I paid for shipping to make sure I received the actual book before leaving next week, FedEx just delivered.  10 1/2 hours on a plane, I can hopefully plan ahead.  I did review book online before purchasing, most all the coupons have addresses, and so I did some MapQuest to see if restaurants/attractions were close to us, etc...  Just using 3-4 coupons will more than pay for our book.  What a great idea!   Thanks Tuggers!  I do not get here often enough!
Lisa in VA


----------



## post-it (Mar 23, 2010)

All the trips we've made to the islands, I never thought of getting a book.  This is very good to know.


----------



## RDB (Mar 23, 2010)

post-it said:


> All the trips we've made to the islands, I never thought of getting a book.  This is very good to know.



I stopped buying it years ago as it was causing us to search out the places and spend when we normally would not.

For this trip, I never thought about searching whether the places I wish to frequent were in the entertainment book.  If 7 or so were, then it would pay to buy it.  About all I can do at this point is get it shipped % myself at Maui Schooner and tell the resort to hold it for us.

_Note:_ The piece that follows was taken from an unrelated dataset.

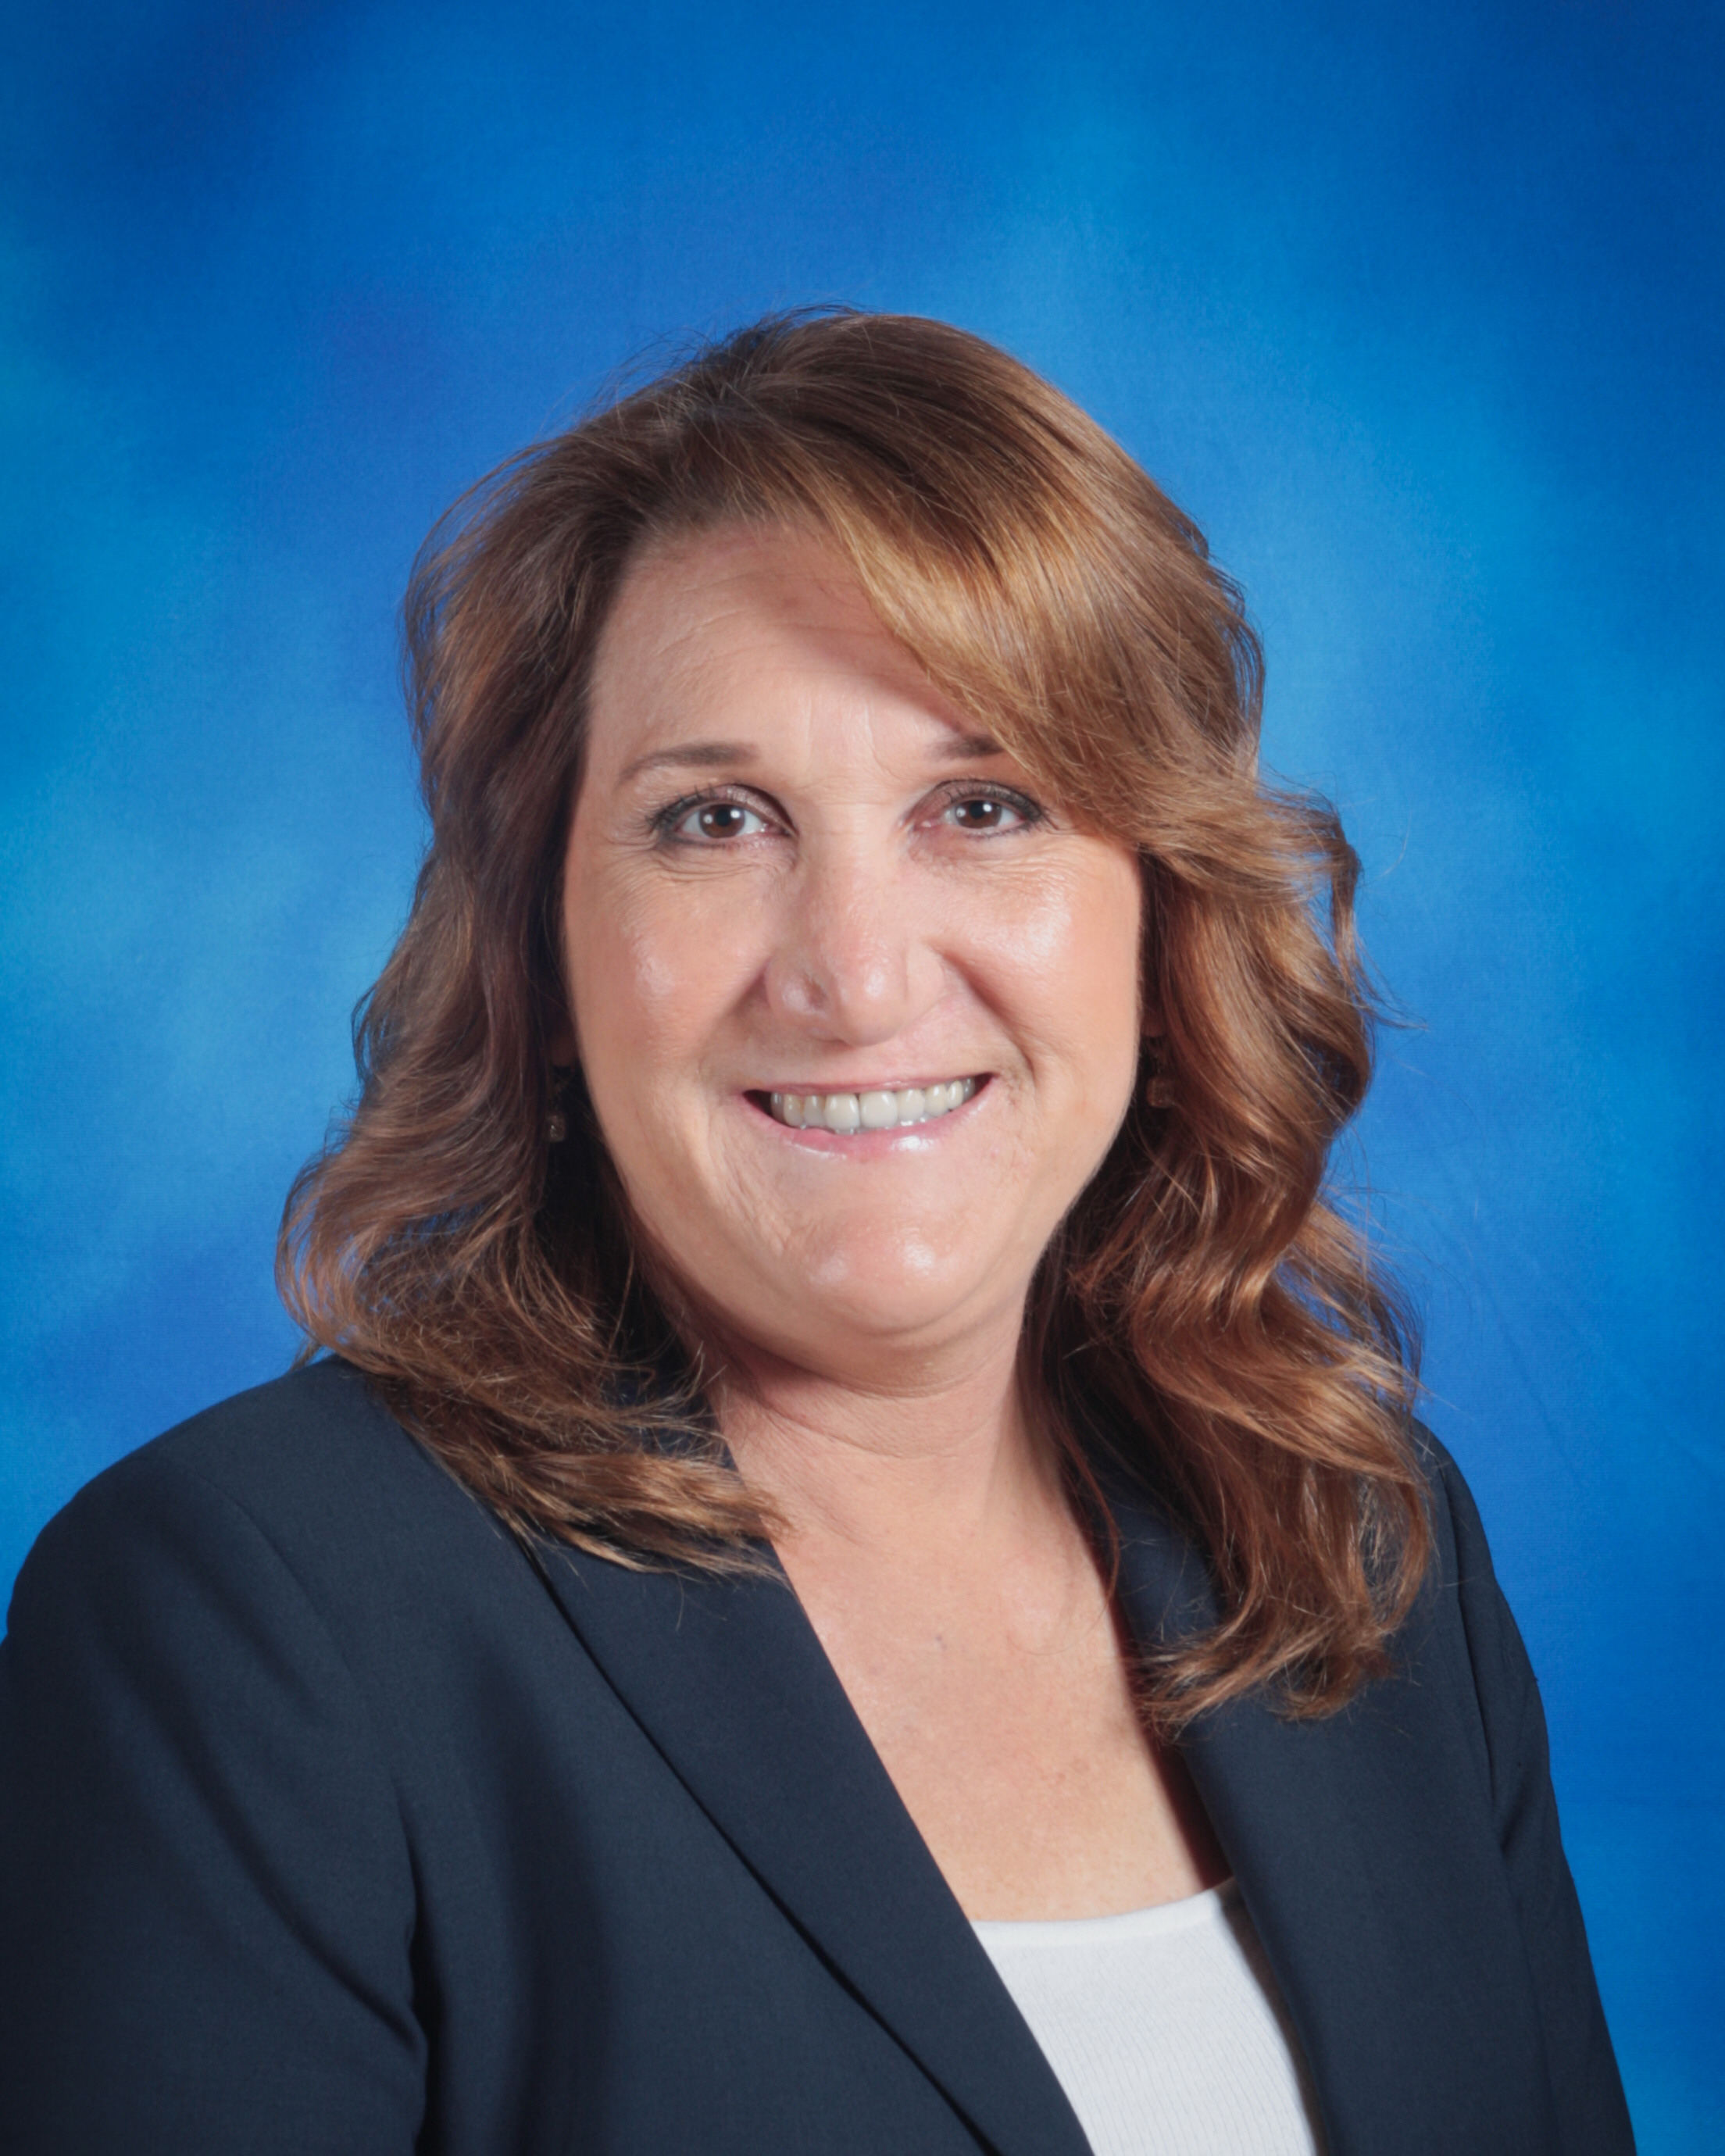 Photo of Cathy Dodd

As far as planning ahead, I believe I should have started when Caroll began recuperating to where she could put up with sitting for 6 hrs. Not sure even now, but going for it by breaking up the hours on military Space-A flights. NOT going straight through.

We have plans to be gone from now till well into May. So far we have 6 resorts scheduled, 4 inter-island hops and rental cars booked. Later reservations will be scheduled 4 and 5 weeks from now.

I agree the book would be more help if I knew where the different cities were located.


----------